Though greatly shrunk within its former limits, the Anglo-Egyptian Soudan is still of very great extent. On the north the boundary with Egypt is now the twenty-second parallel, following this line, which passes just north of Wadi Halfa, right across the desert to the Tripoli border on the west, and to the Red Sea on the east. It then follows the coast past Suakin as far as a point about seventy miles south of Tokar, where it meets the Italian colony of Eritrea. Here, turning inland, it runs south-west, crossing the river Gash just above Kassala, down to a point on the Setit River, another tributary of the Atbara. Here Abyssinian territory begins, and the boundary trends more to the south than before, going by Gallabat and crossing the upper waters of the Rahad and the Dinder, tributaries of the Blue Nile, till it reaches the Blue Nile itself just above Famaka and Fazokhl. Hence it runs right south to the west of the Beni Shangul hills, across the Baro, Pibor, and Akobo rivers, all in the Upper Sobat district, till it reaches a point where the sixth degree of north latitude cuts the thirty-fifth degree of longitude east of Greenwich. The sixth parallel is roughly the line of division between the Soudan and the Uganda Protectorate as far as the Nile, the southernmost Soudanese post on the Nile being at Mongalla, and the northernmost British at Gondokoro. On the other side of the Nile the boundary, starting from Lake Albert, runs north-west for a very long distance along the Nile-Congo watershed, first along the Congo Free State, then along French Congoland, till it reaches the borders of Darfur. The corner, however, between the Nile and this line, as far west as the thirtieth degree of longitude east, and as far north as a point nearly opposite Mongalla, is known as the Lado Enclave, and is still held by the Belgians, being leased by them during the life of King Leopold. On reaching Darfur the boundary runs northwards along the western edge of that country to about the thirteenth parallel, and thence north-west across the desert to the borders of Tripoli.
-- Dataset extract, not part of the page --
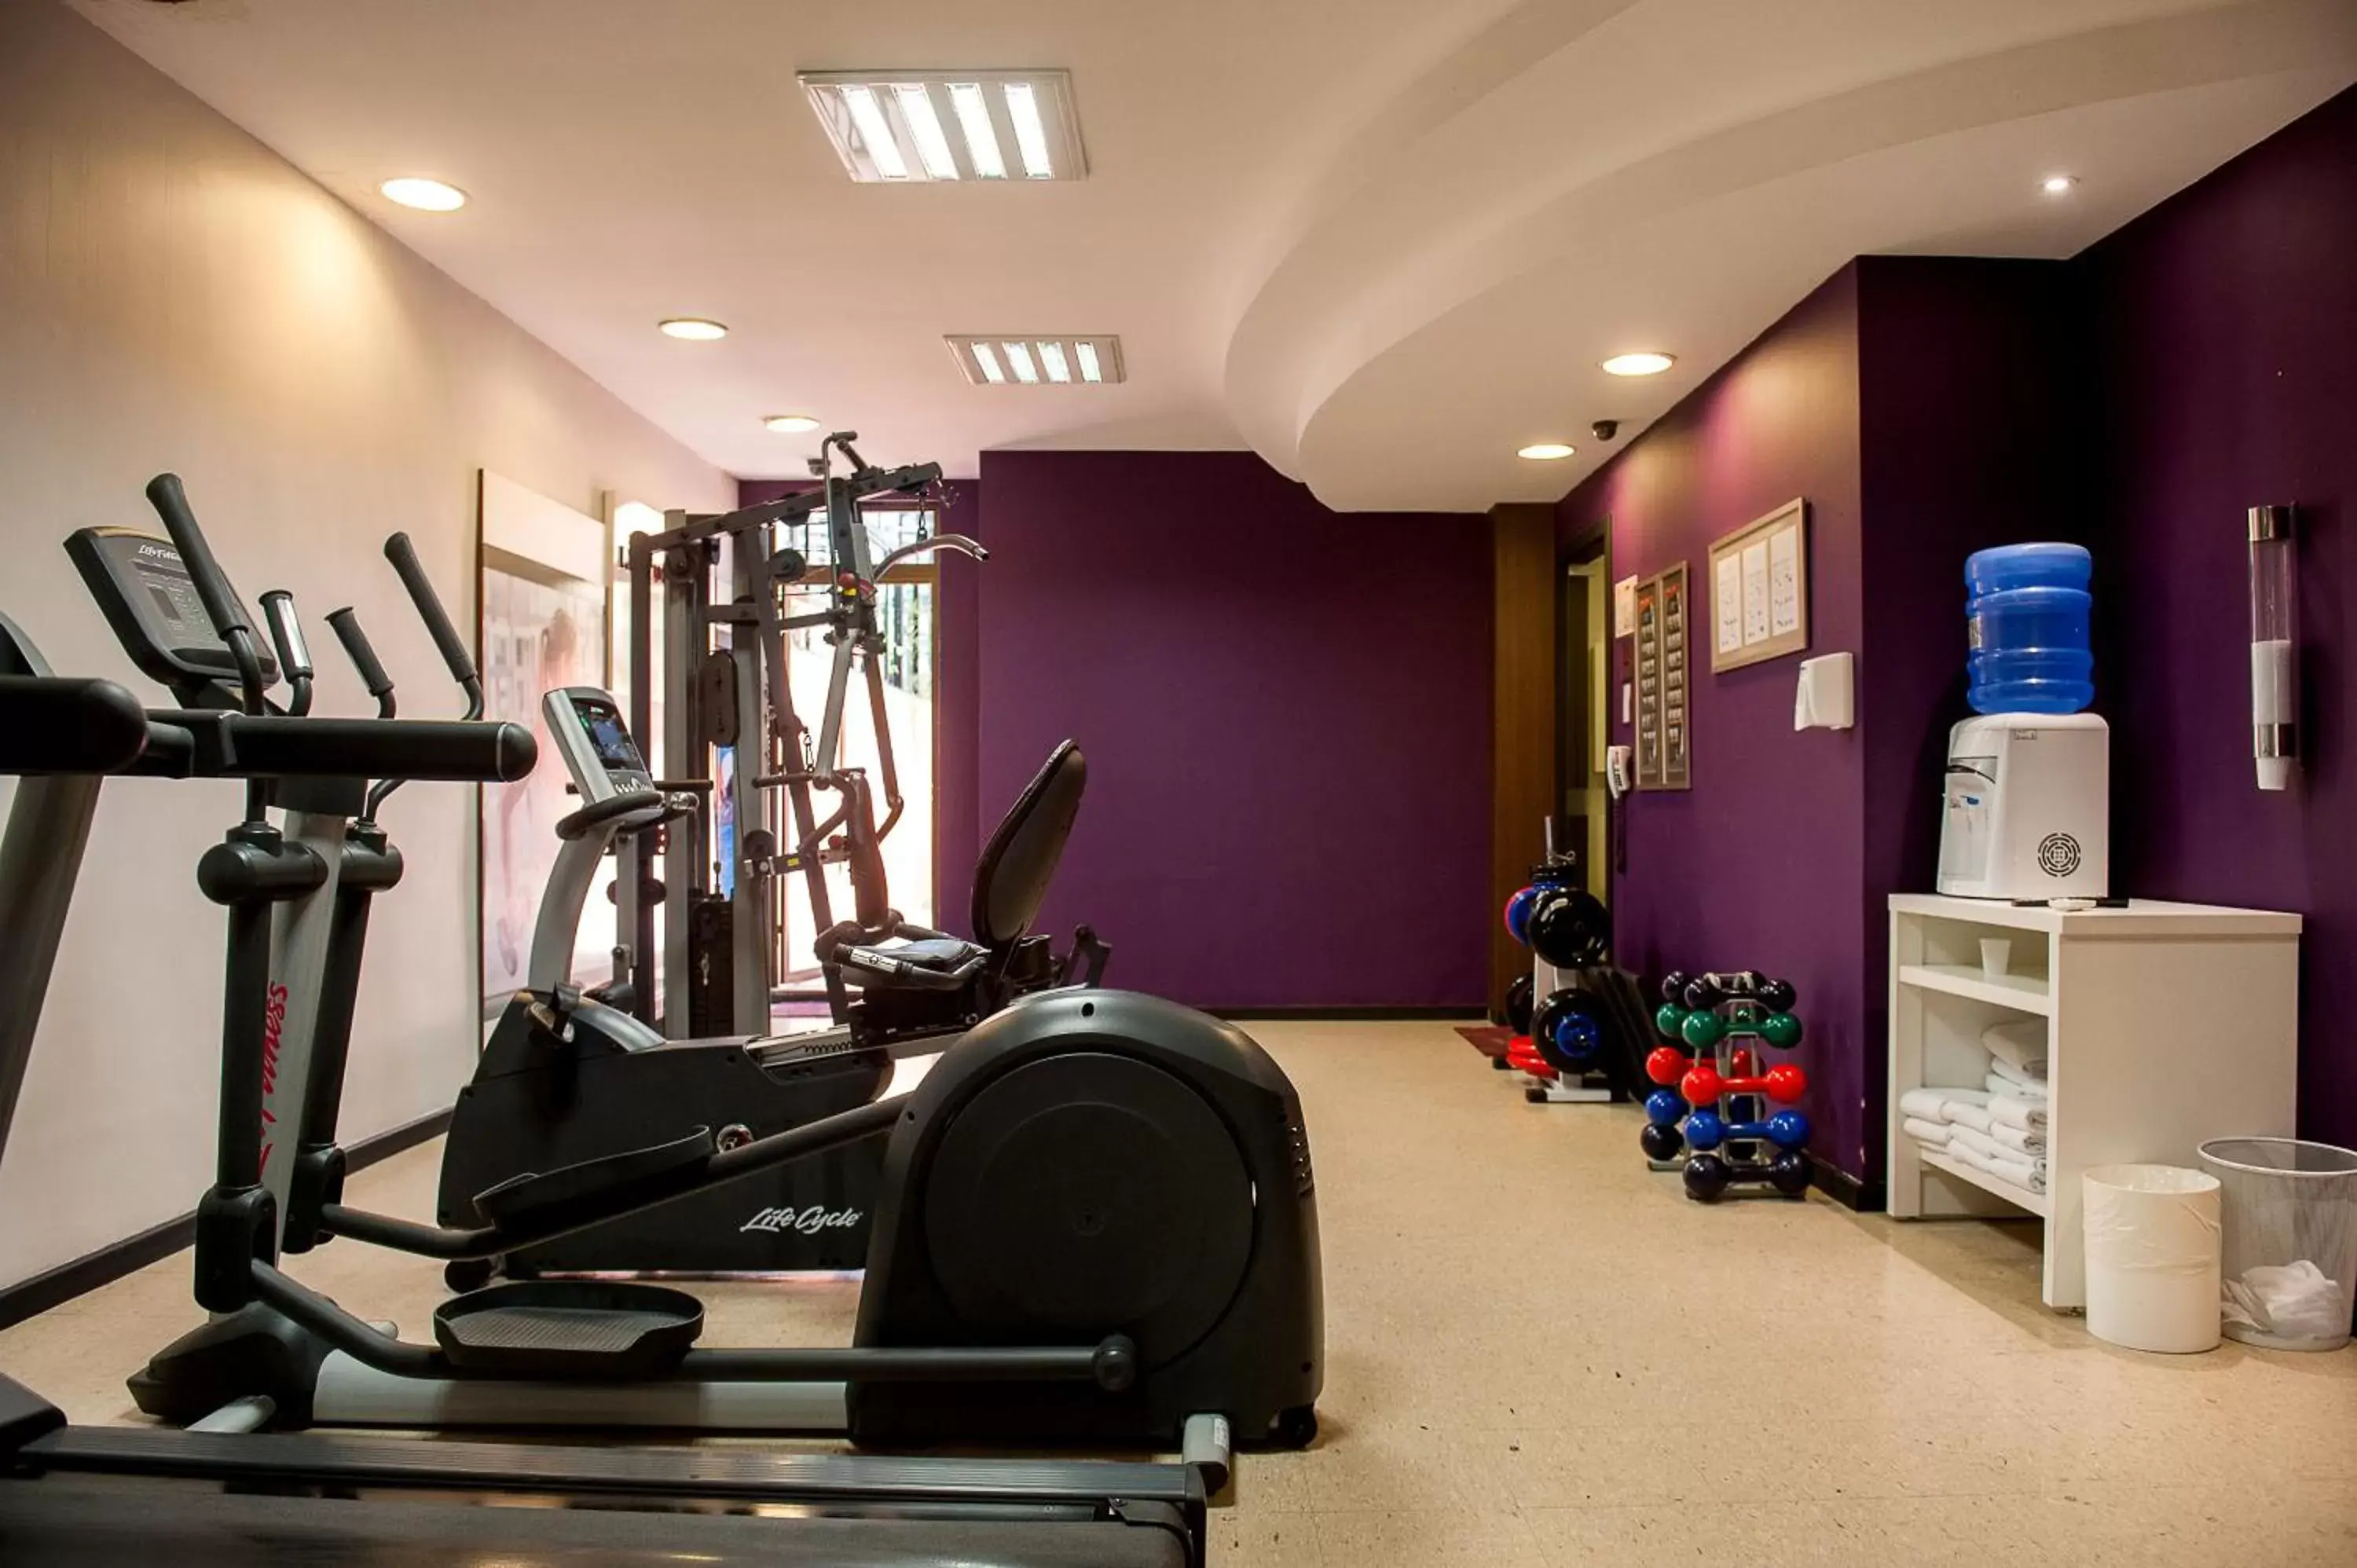 Fitness centre/facilities, Fitness Center/Facilities in Manhattan Porto Alegre by Mercure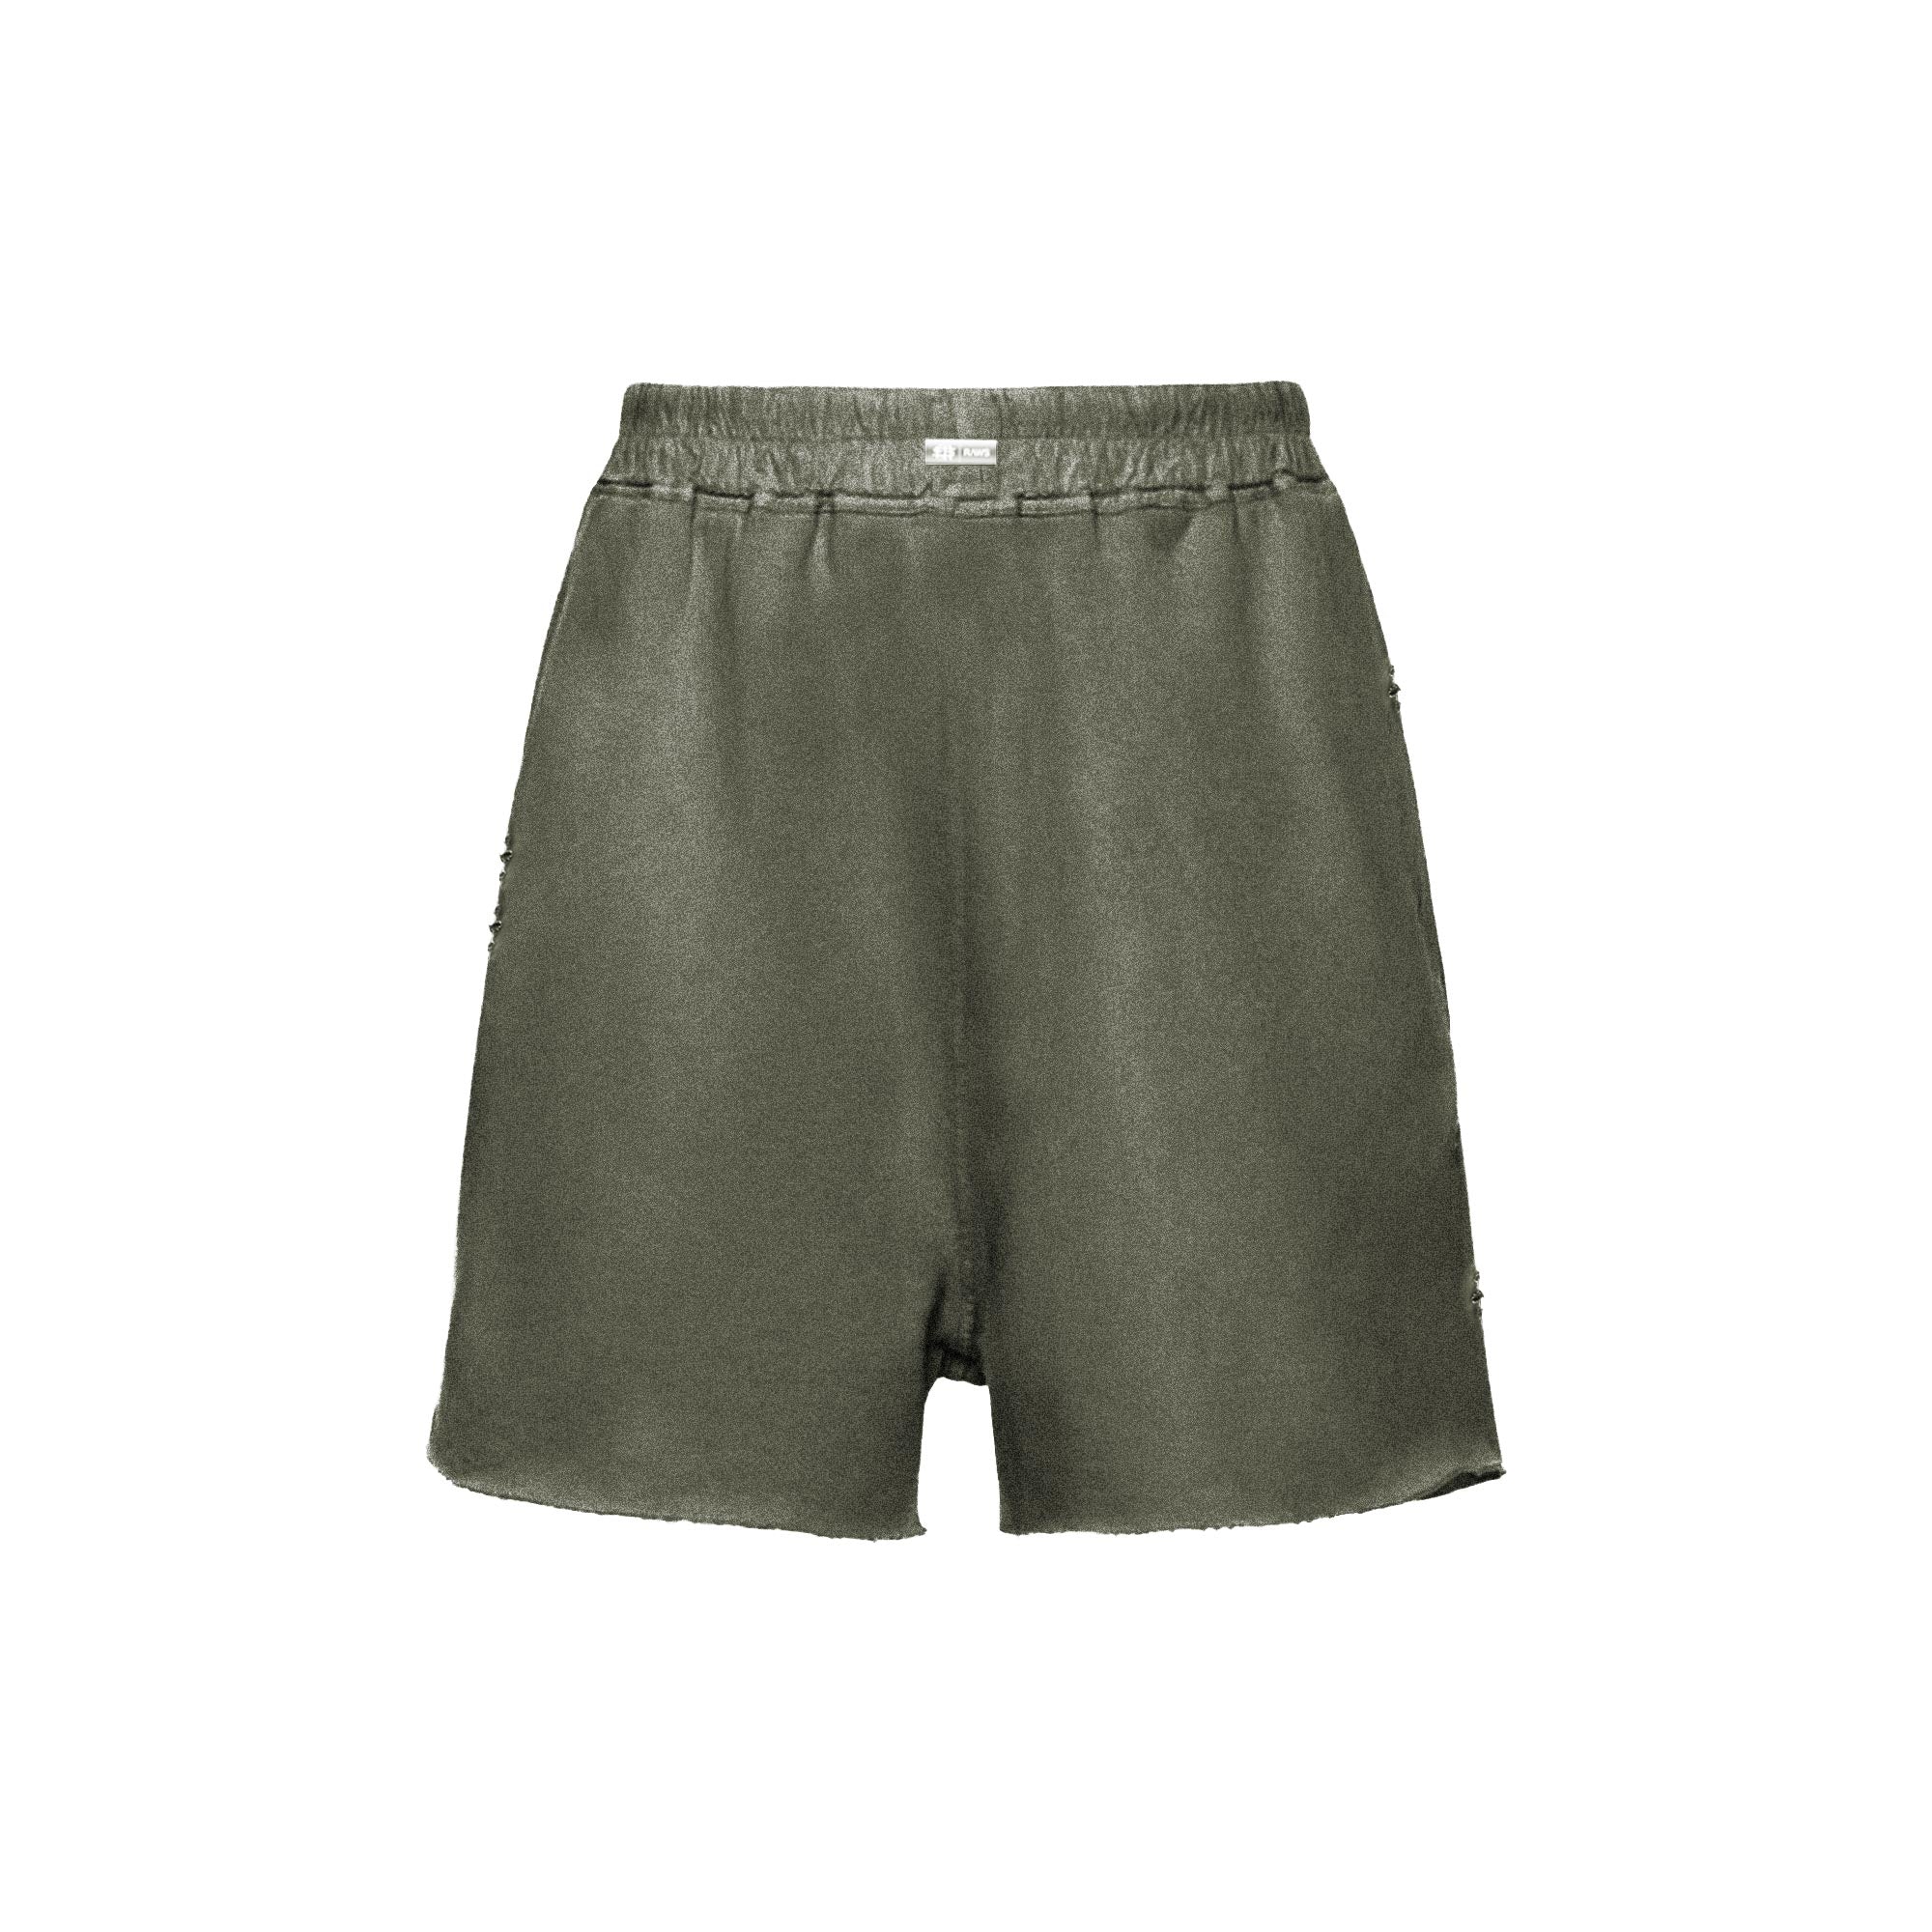 Sole et. Al RAWS Pantalones cortos de peso pesado : Caqui Verde

In this vast area, some 1,200 miles in length and 1,000 in breadth at the broadest part, there is naturally an immense variety of country. The Northern Soudan is, with the exception of a strip of land along the Nile, almost a desert; it is, in fact, a lesser Egypt. Up to Shendi it is a rainless country. From Shendi to Khartoum, and some way south, there is a regular but not extraordinary rainfall during the months of July, August, and September. Further south, about parallel 13°, tropical rains begin, becoming heavier and longer towards the Abyssinian hills on the one side and the Upper White Nile and the Bahr el Ghazal on the other. With the rainfall the character of the country changes. To the west of the White Nile, between parallels 15° and 11°—that is, nearly as far south as Fashoda—the country of Kordofan and Darfur stretches in vast plains or steppes, covered with low thorny trees, mimosa and gum trees, and prickly-grass. Water is scarce, and stored in wells and the trunks of baobab-trees. There are occasional hills, which become greater and more numerous towards the west and the south. In Southern Kordofan the plains and valleys between the hills are rich in vegetation and huge trees. They are impassable during the rains, and also after them, until the long grass has been cleared by burning.